Given this issues raised in the short discussion (below) there are policy implications that may (or should ) be applied to Russian River proposed low flow management (and the Biologic Opinion)
First: The Biologic Opinion and proposed low flow scenario were not privy to the findings of the ISRP. They findings should be amended into the Biologic Opinion and any proposed management policy consideration (for consideration of conditions and related effects of proposed management policy).
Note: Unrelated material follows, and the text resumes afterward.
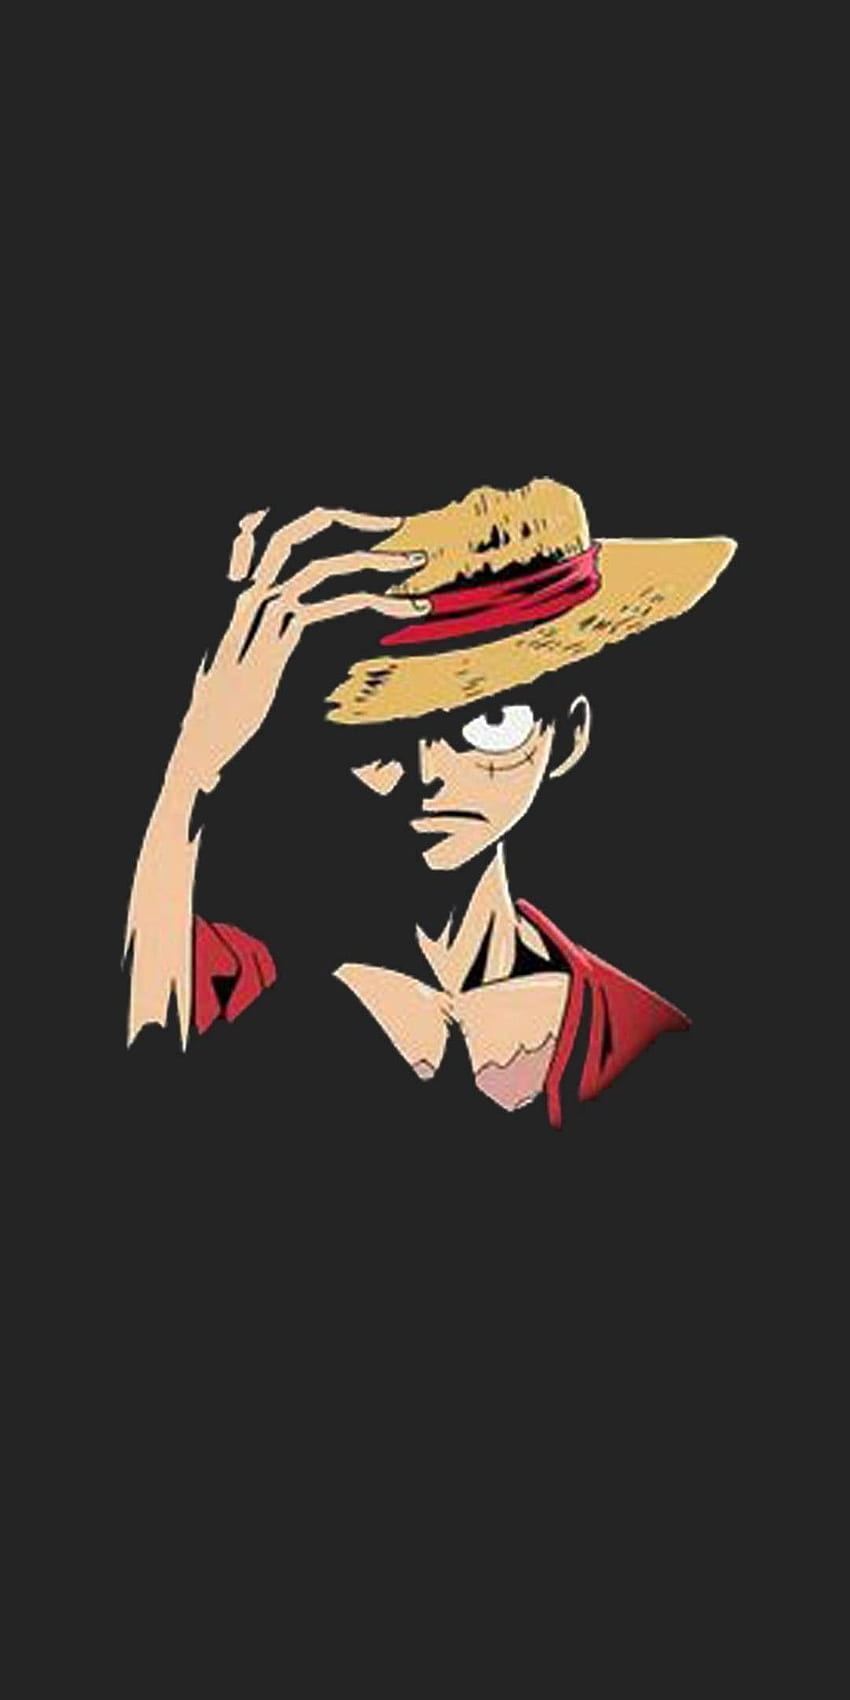 100+] One Piece Phone Wallpapers | Wallpapers.com

The ISPR provides a the latest and best information as to current and historic conditions – and – must be considered as same in any environment review of proposed management policy.
Next: If habitat conditions in the tribs are, in fact, as described in the IRSP ( essentially devoid of historic habitat necessary to support salmonids in all life stages – see below) – then, in fact, that it may be the case that the mainstem Russian River (and higher than historic natural flows) may be a necessary habitat component to maintain – until such time as the tribs have be rehabilitiated.. That is: Essential flows, shading and near stream habitat, and instream habatat conditions in the trims need to show improvement before any low flow policy should be implemented.
This would require limitation of near stream and instream water diversion in the tribs (especially during the non-rain seasons) and development of near stream canopy for shade and temperature control conditions – and – possibly some restoration work to provide instream habitat conditions (to encourage deeper pools, overwintering habitat, and other refugia, and remval of fish migration blocking obsticles). This work would have to be accomplished and show demonstrable success – prior to the implementation of any low flow policy.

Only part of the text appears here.